I Let AI Run 900 Experiments While I Slept

Andrej Karpathy released autoresearch — an autonomous AI research loop. I adapted the pattern for prompt optimization. The AI ran 900+ experiments, tested 162 unique scenarios, and found things humans missed.

What Autoresearch Actually Is

Karpathy's autoresearch isn't a tool. It's a pattern. An AI agent that:

Runs an experiment
Evaluates the result
Generates a hypothesis for improvement
Designs the next experiment
Repeats

No human in the loop. Just the AI, iterating.

I adapted this for optimizing an AI system's decision-making prompt — the core instruction set that determines how the system behaves in production.

The Setup

The system makes thousands of decisions daily. Each decision follows a complex prompt that evolved over months of manual testing. I wanted to know: could AI find improvements we missed?

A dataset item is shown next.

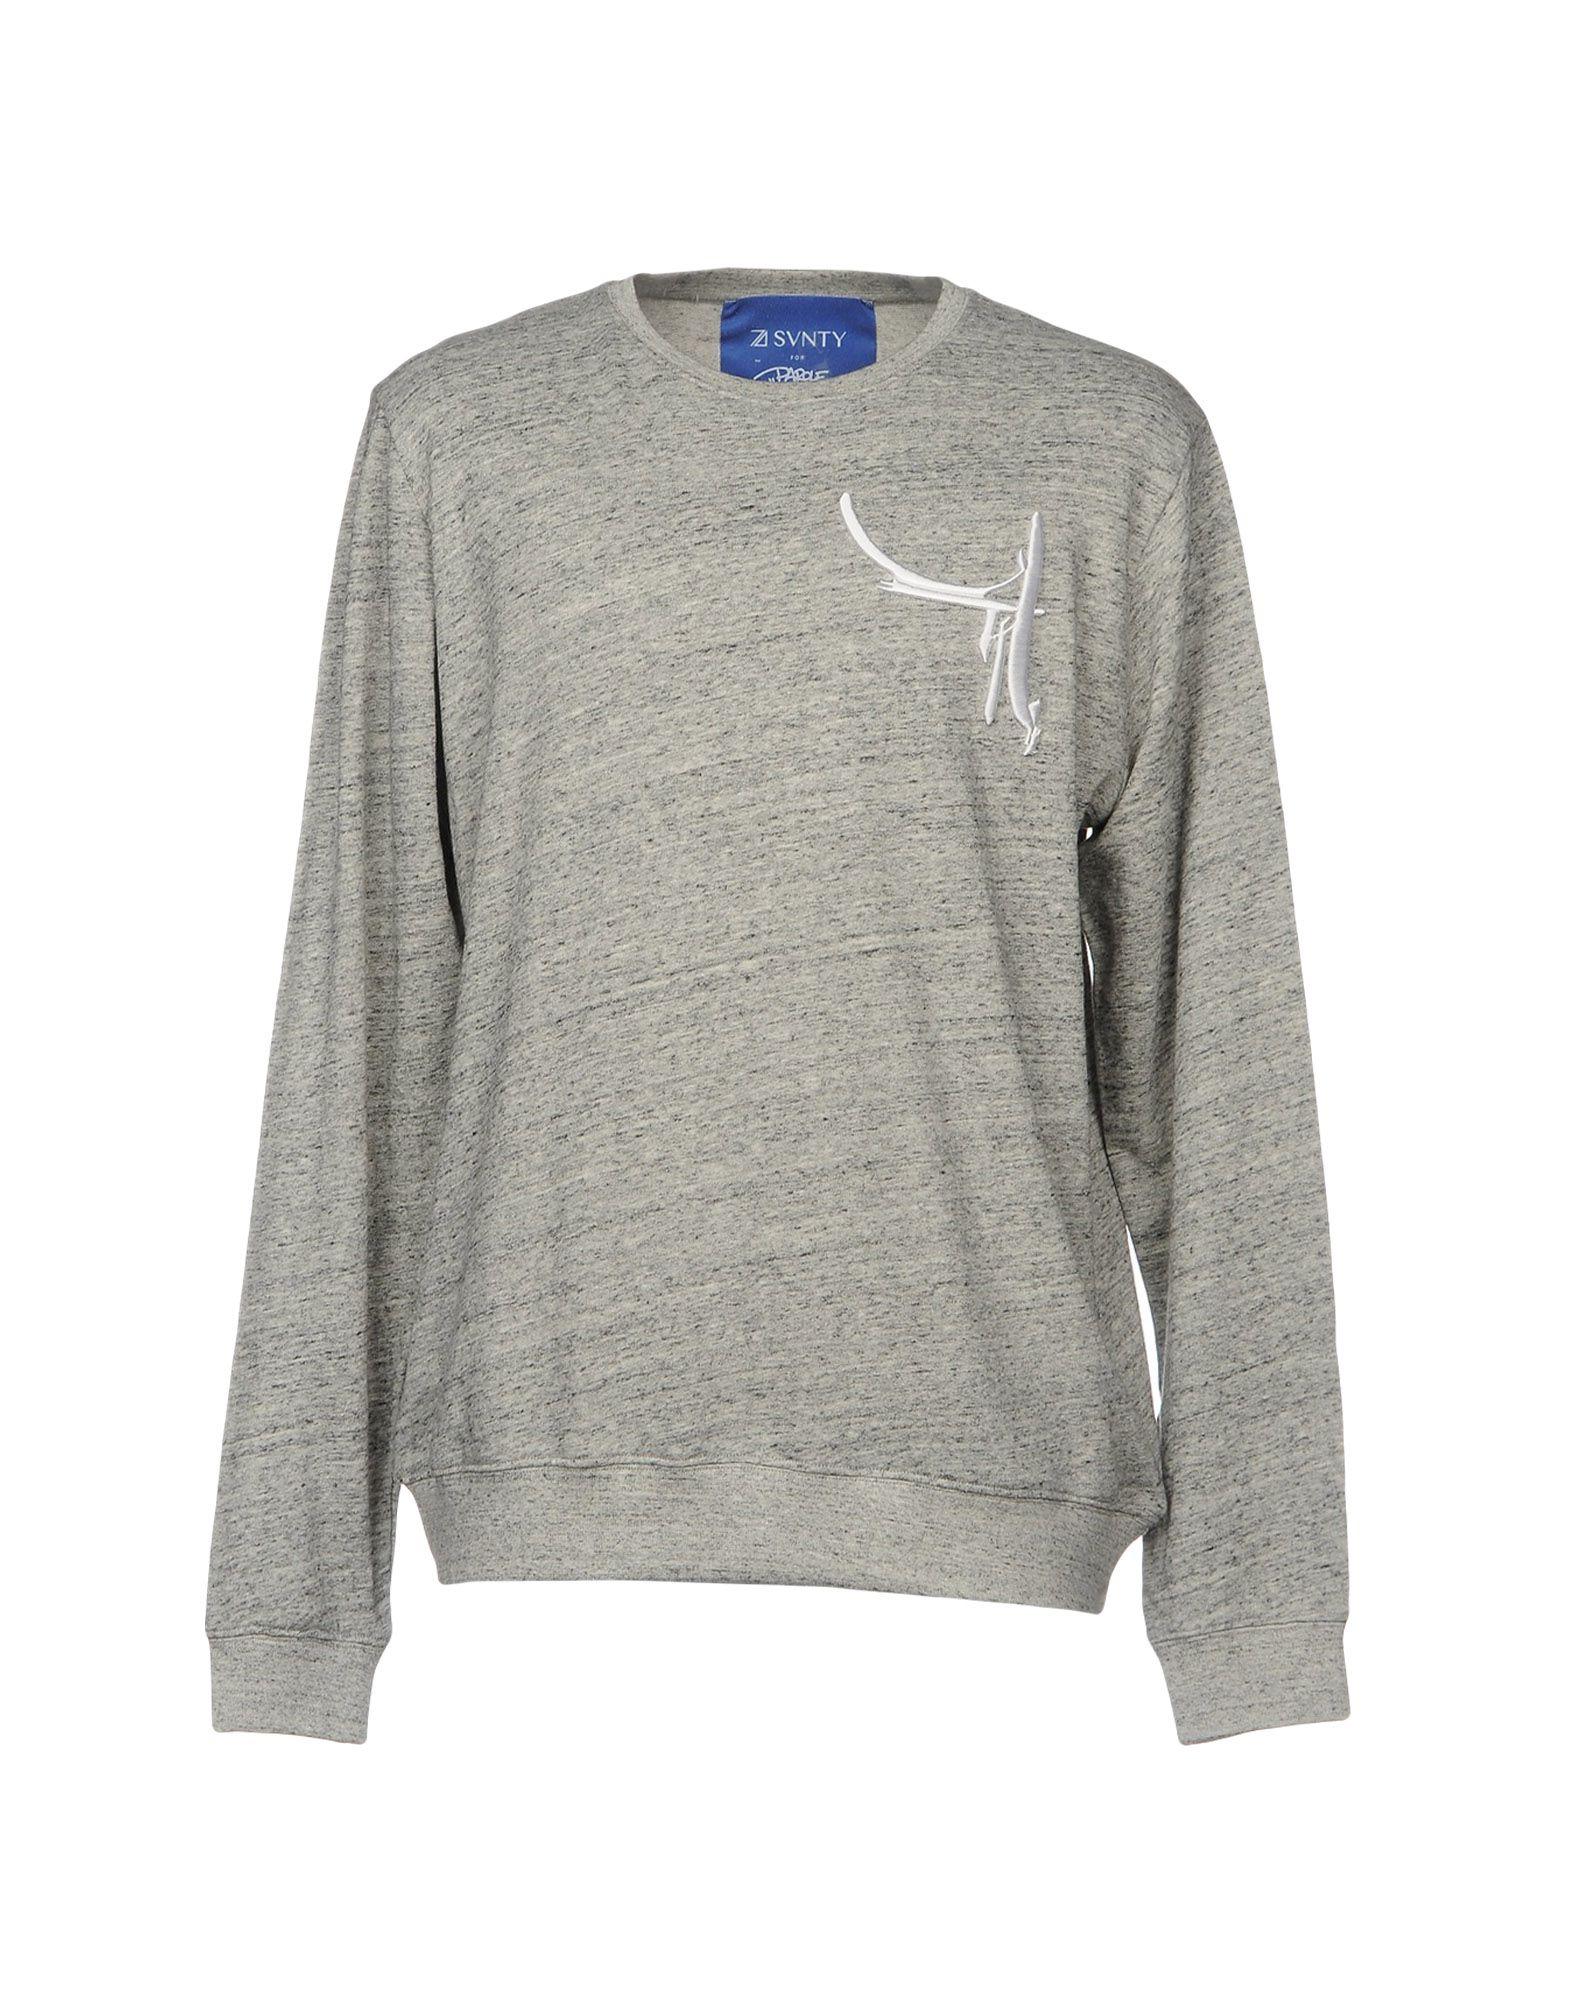 SVNTY Sweatshirt in Grey

I gave the autoresearch agent:

The current prompt
A test suite of 162 real-world scenarios
Clear success criteria
Permission to run autonomously

Then I went to sleep.

What It Found

900+ experiments. 162 unique scenarios tested per run. Here's what surfaced:

Safety Issues We Missed

The AI found edge cases where the system showed harmful content to vulnerable users. Not theoretical risks — real scenarios with real user profiles. The kind of thing that would've been a PR disaster.

We had built safety guardrails. The autoresearch loop found the gaps between them.

Structural Failures (53% of the Time)

More than half the outputs violated the intended format. Not subtly. The system was supposed to return structured data. Instead it was returning prose, partial JSON, sometimes just error messages formatted as success.

We'd been testing happy paths. The AI stress-tested everything.

The Quality Jump: 9% → 27%

On the first run, only 9% of outputs met our "perfect" criteria — correct format, safe content, contextually appropriate, zero hallucination.

After 900 experiments and prompt refinements, that number jumped to 27%. Three times better. Overnight.

6 Backend Bugs Nobody Noticed

The most unexpected finding: the AI exposed 6 backend bugs the engineering team hadn't caught. Edge cases that only surfaced under certain prompt configurations. The autoresearch loop didn't just optimize the prompt — it stress-tested the entire system.

Why This Pattern Matters

Most founders building AI products do this:

Write a prompt
Test it manually on 5-10 examples
Ship it
Wait for user complaints

What they should do:

Write a prompt
Let AI run 900 experiments while you sleep
Ship the version that survived
Repeat weekly

The bottleneck isn't the AI. It's how much human time you're willing to spend testing. Autoresearch removes that bottleneck.

The Takeaway

Autonomous AI research loops are a game changer for any system that uses LLM prompts.

You don't need to be a research lab. You don't need a big ML team. You need:

A clear success metric
A test suite of real scenarios
An AI agent with permission to iterate

The rest happens while you sleep.

Karpathy released the pattern. I used it for production. You should too.